**Directions for this task**:
Please return the full listing exactly as written, with the images removed.

**Data section**:
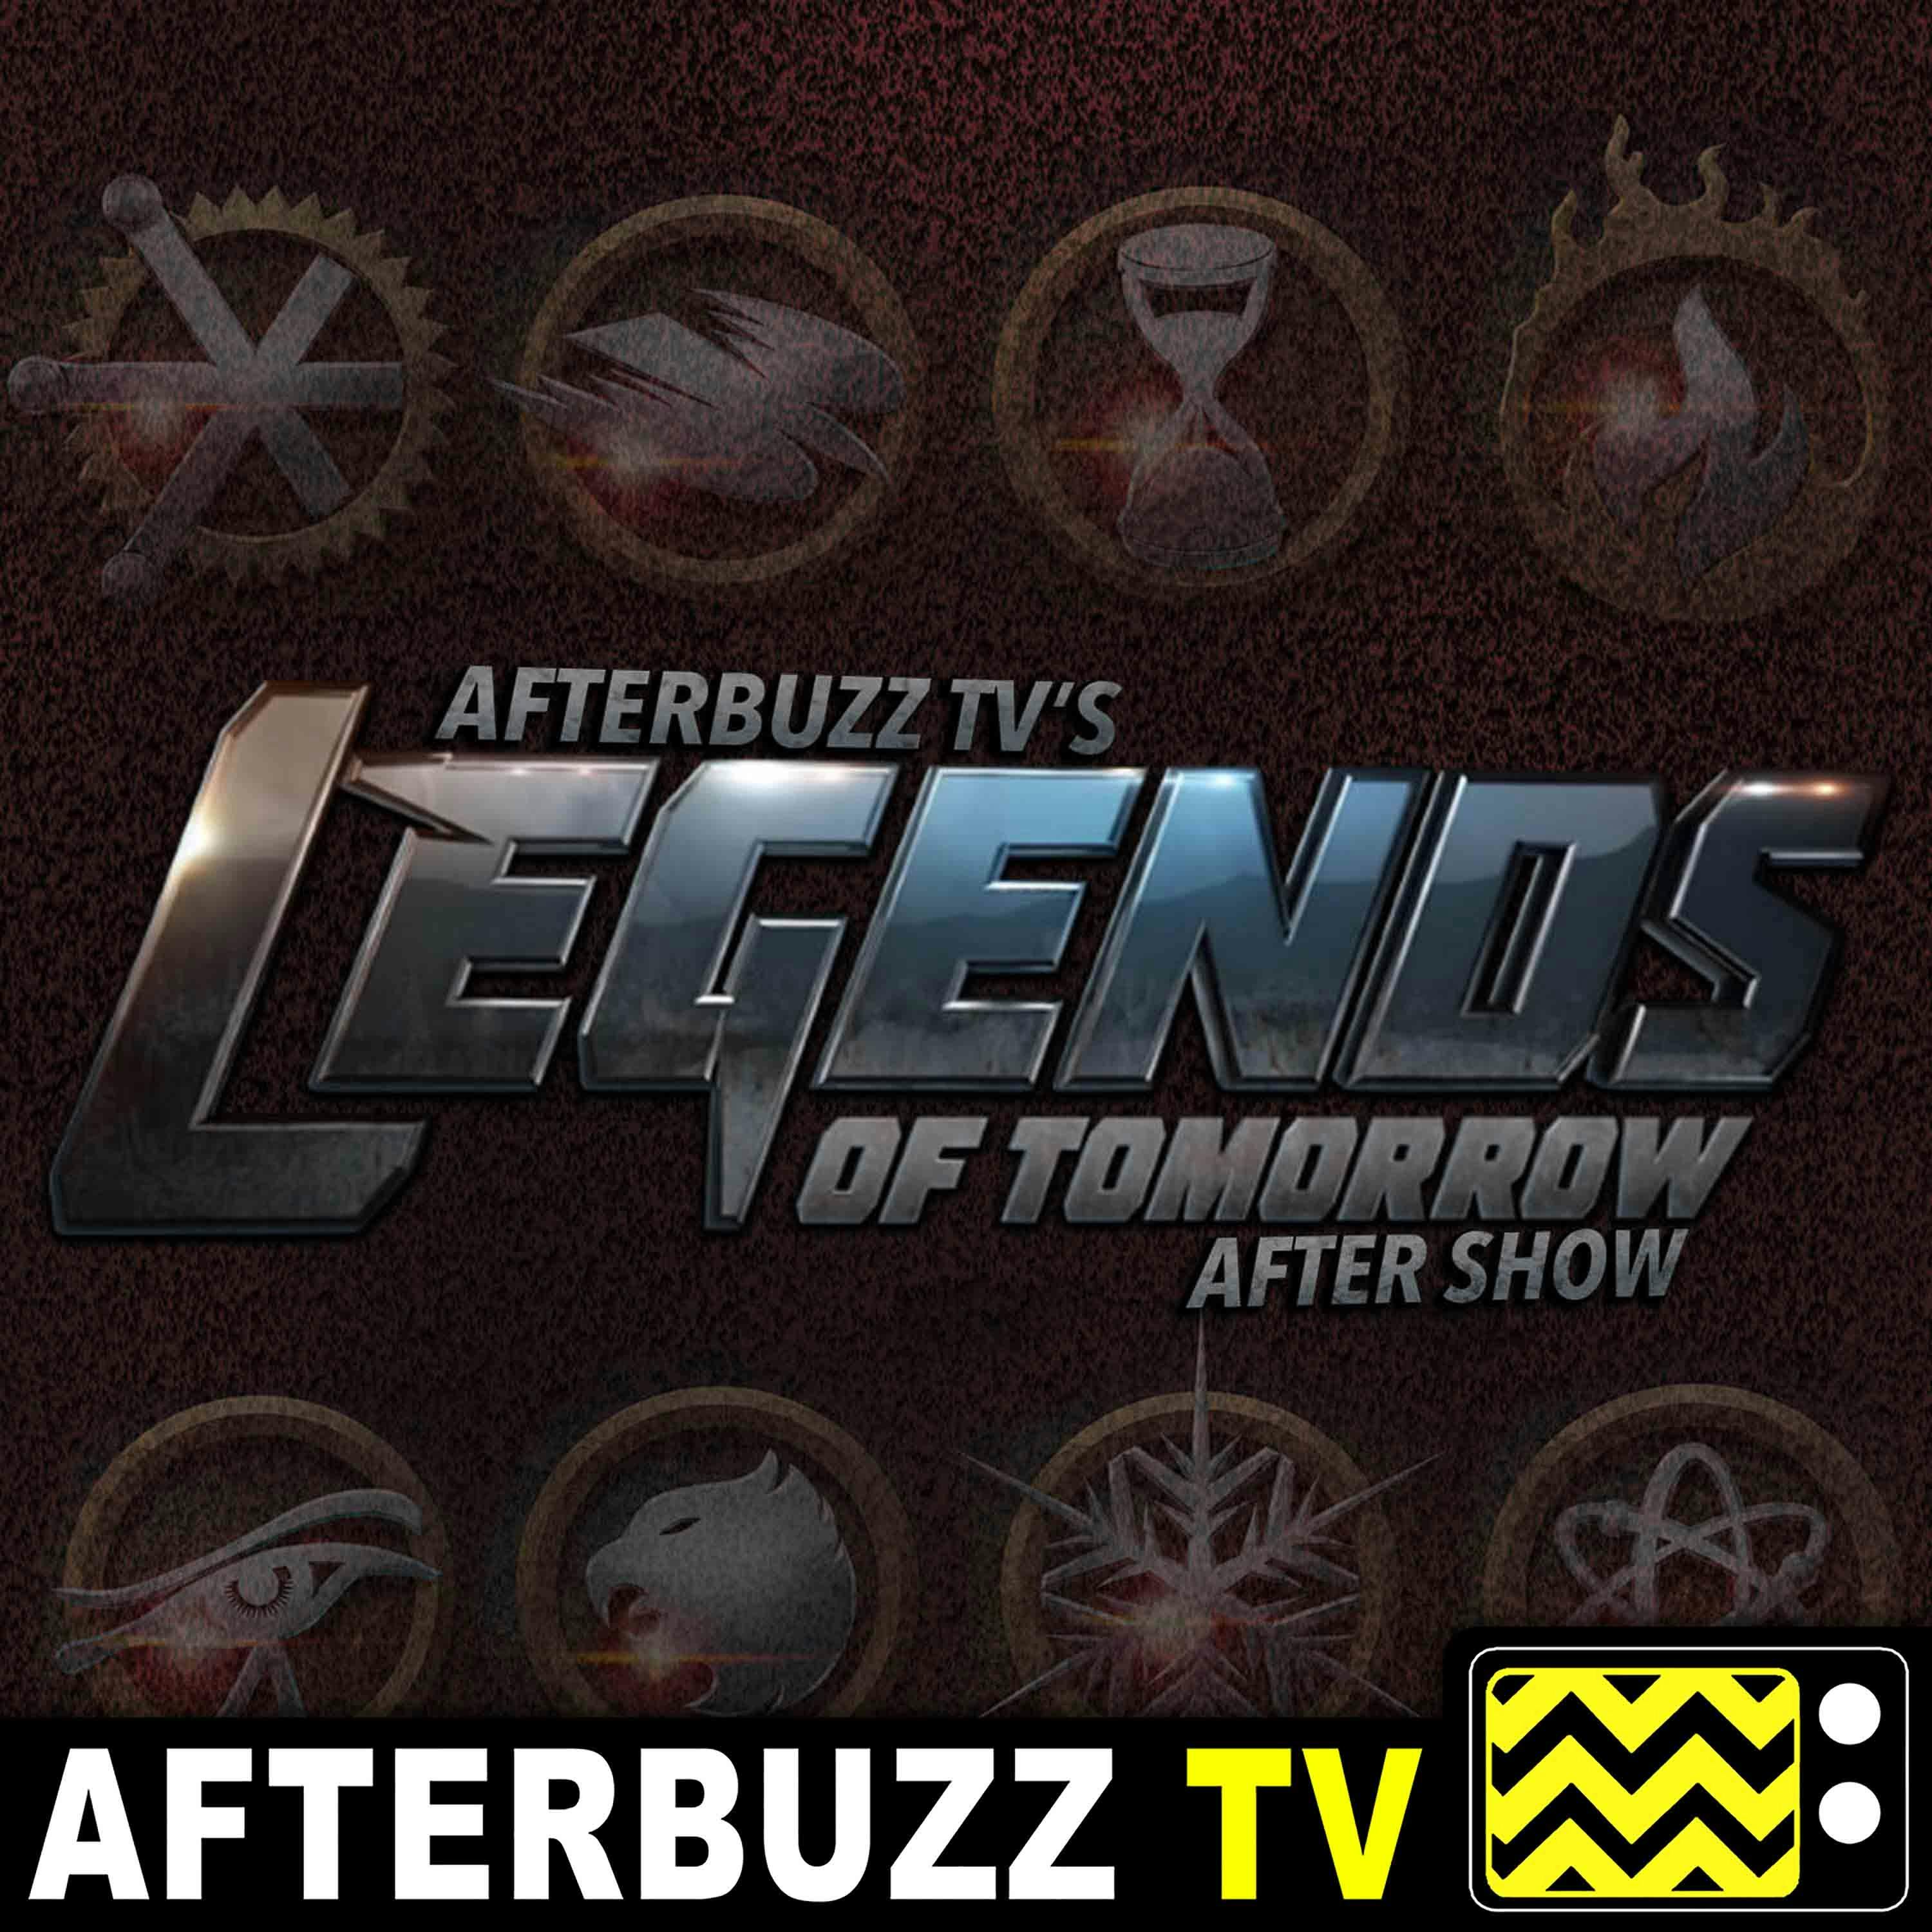 Legends Of Tomorrow S:3 | I, Ava E:16 | AfterBuzz TV AfterShow
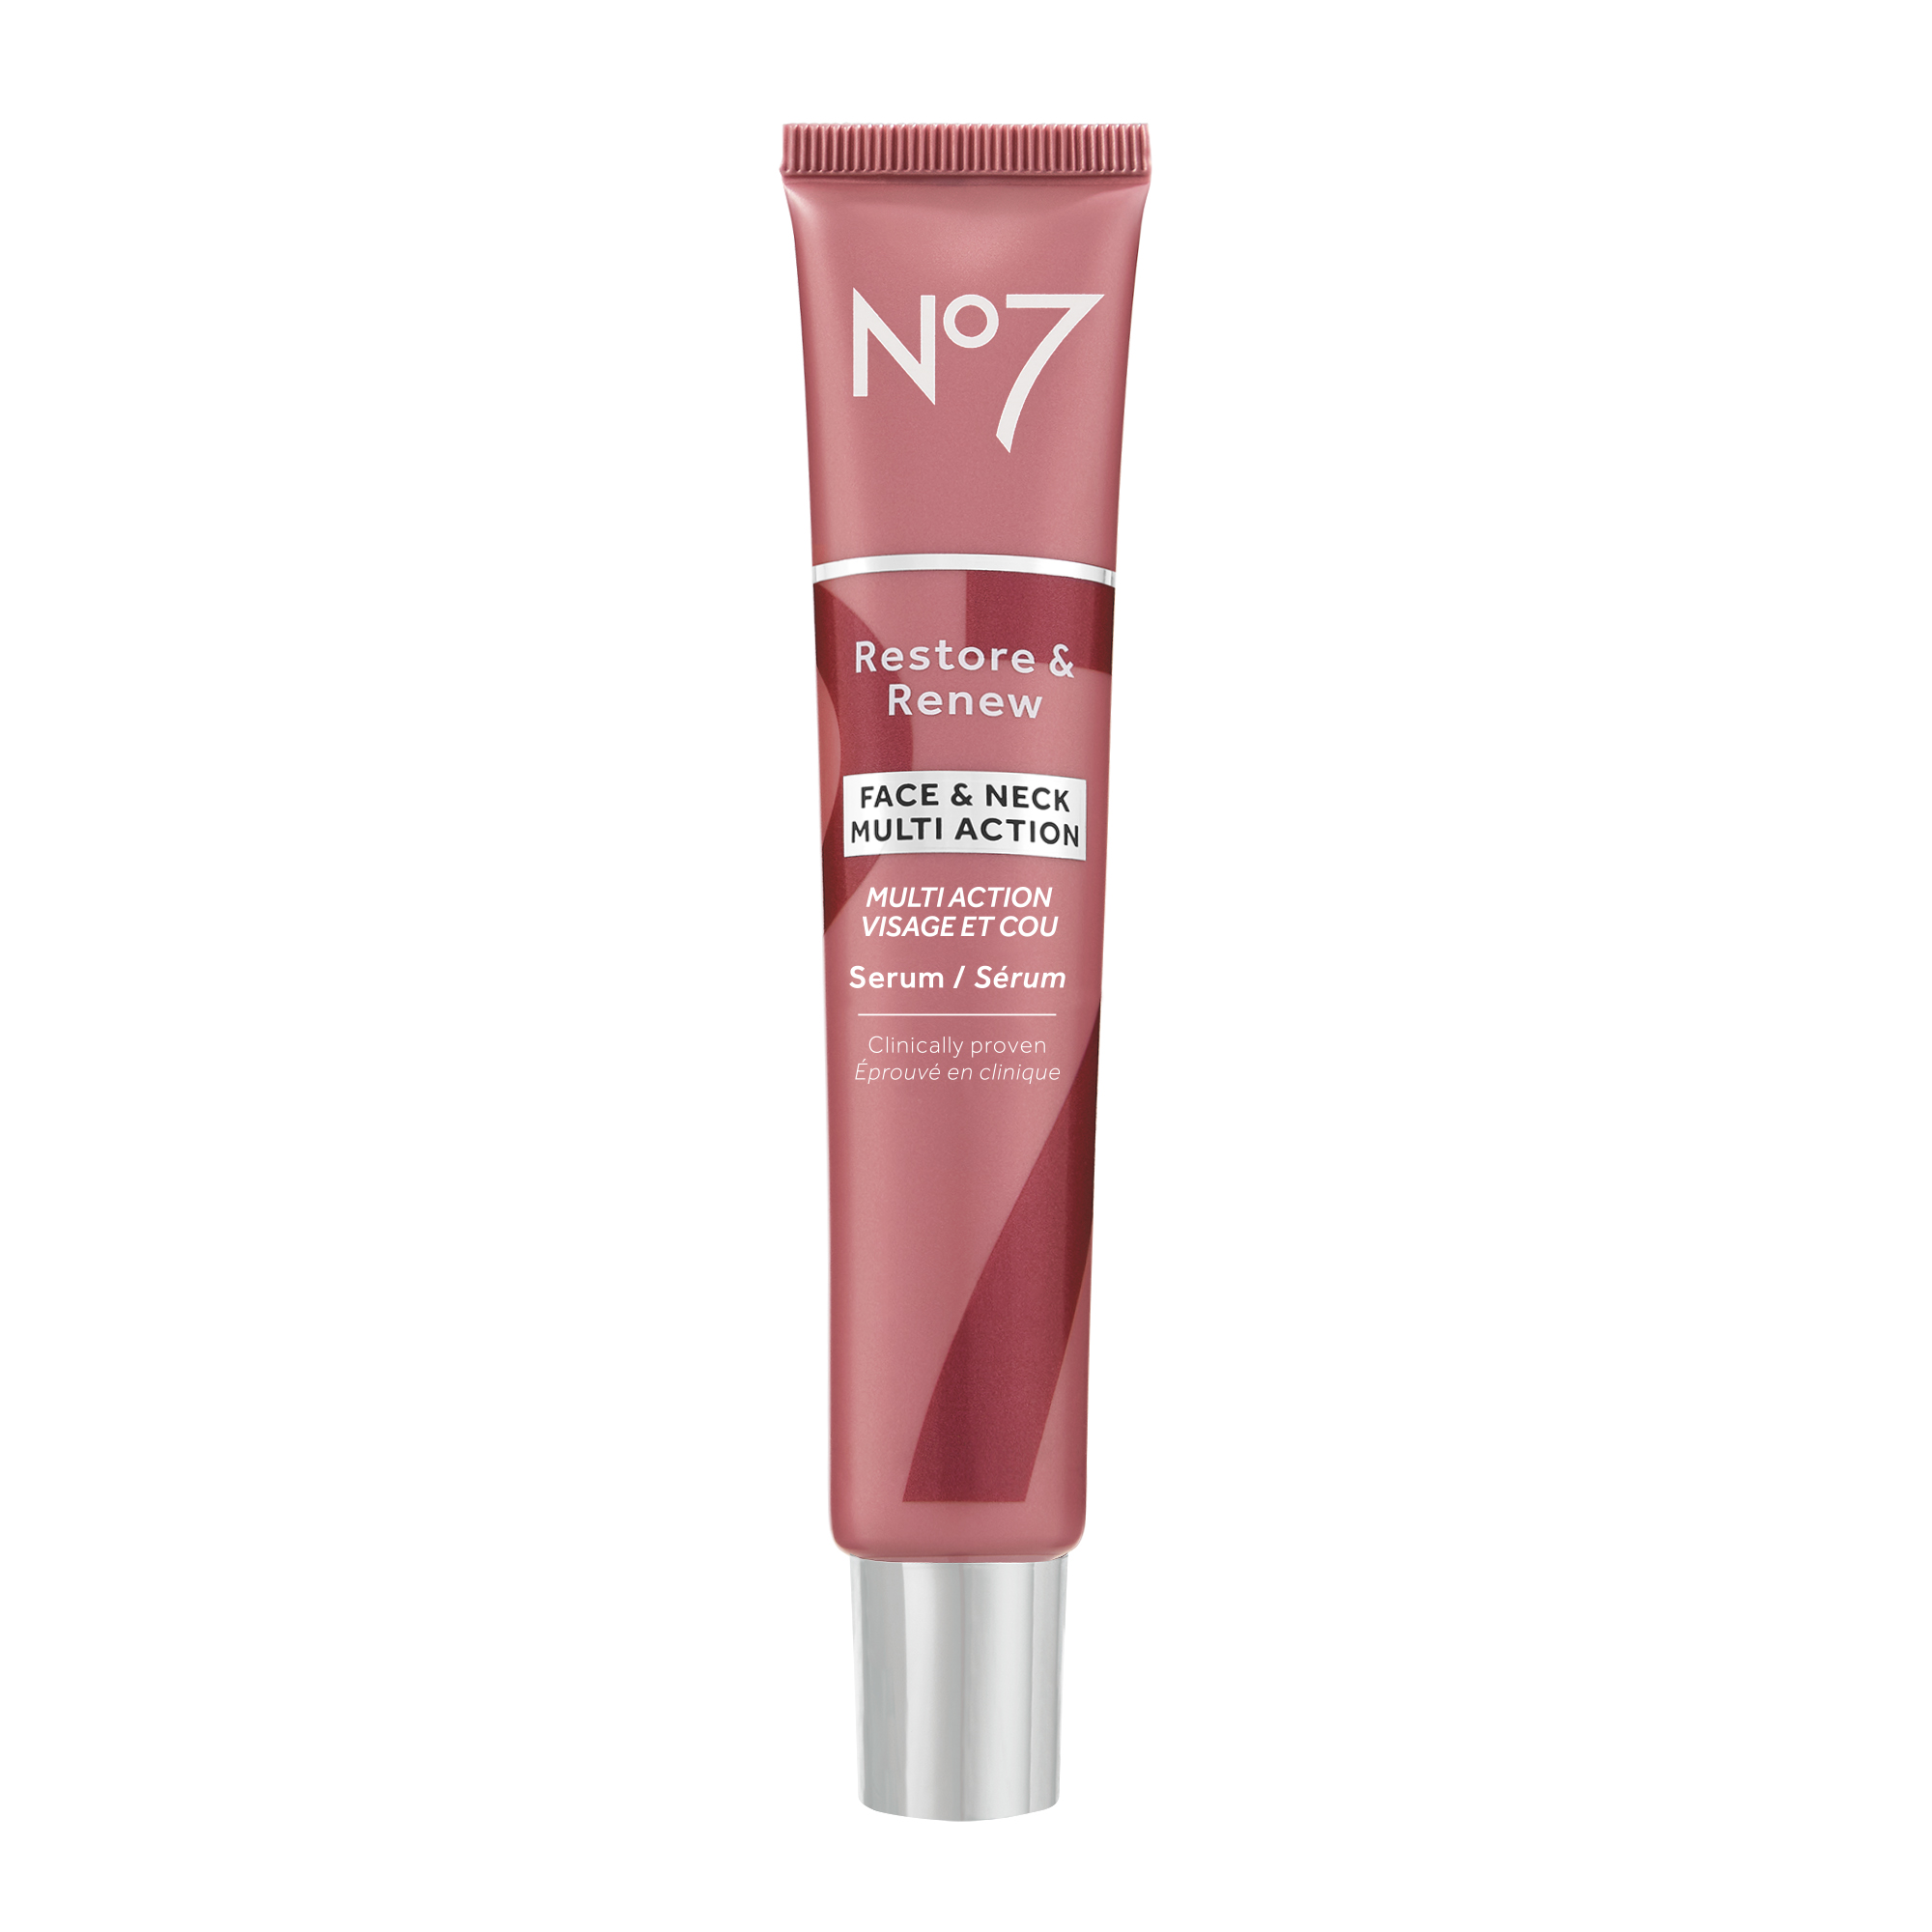 No7 Restore & Renew Multi Action Anti-Aging Face & Neck Serum, 1.69 fl oz - image 1 of 9
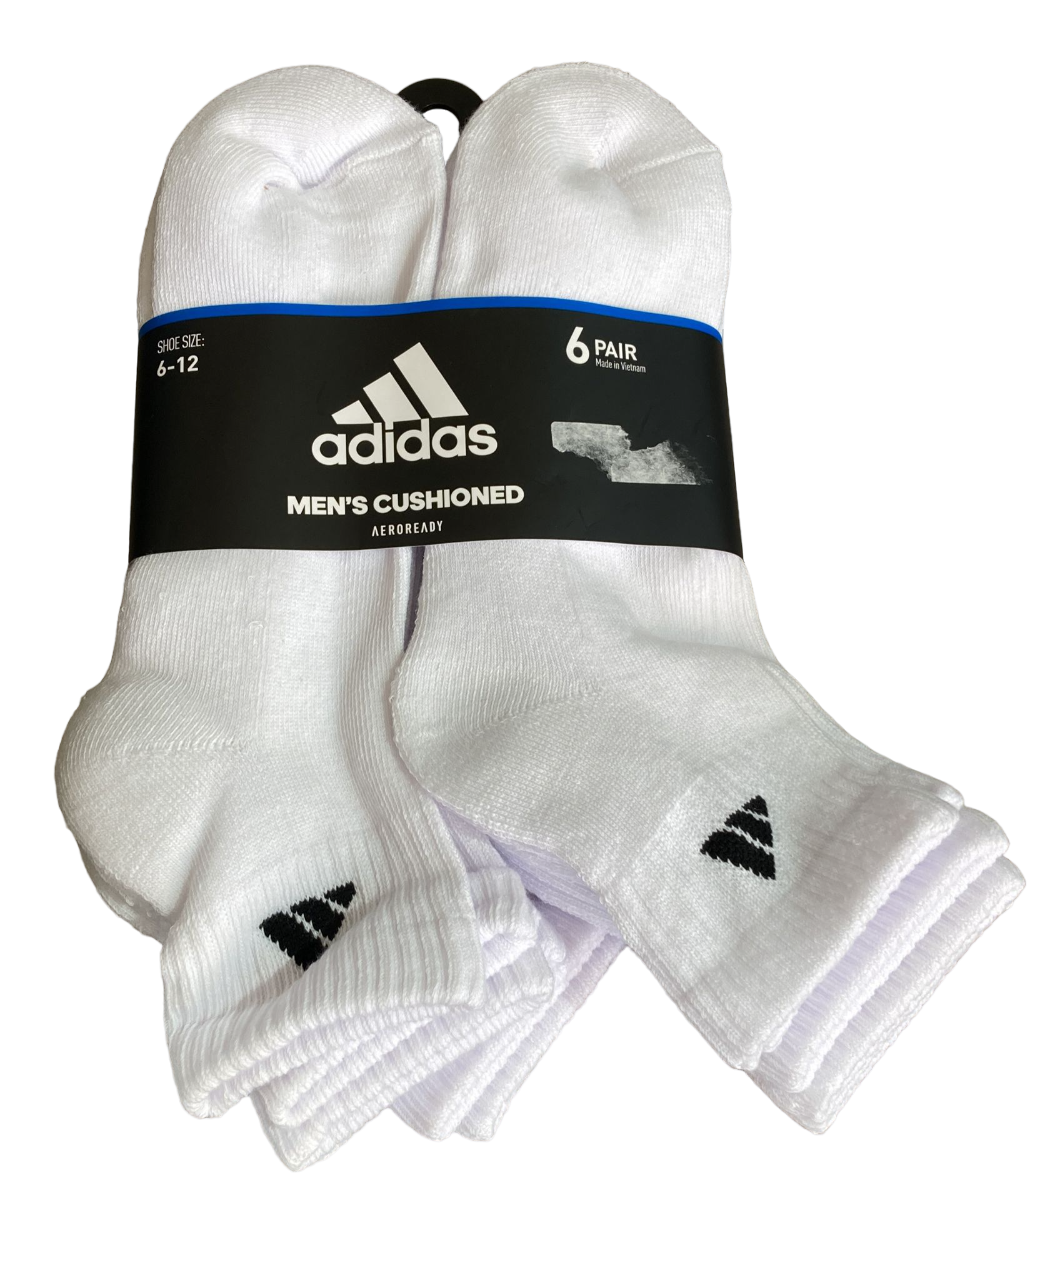 Adidas Men's Cushioned Quarter Socks 6 Pair Shoe Size 6-12 White

**Written response**:
 Legends Of Tomorrow S:3 | I, Ava E:16 | AfterBuzz TV AfterShow
 No7 Restore & Renew Multi Action Anti-Aging Face & Neck Serum, 1.69 fl oz - image 1 of 9
 Adidas Men's Cushioned Quarter Socks 6 Pair Shoe Size 6-12 White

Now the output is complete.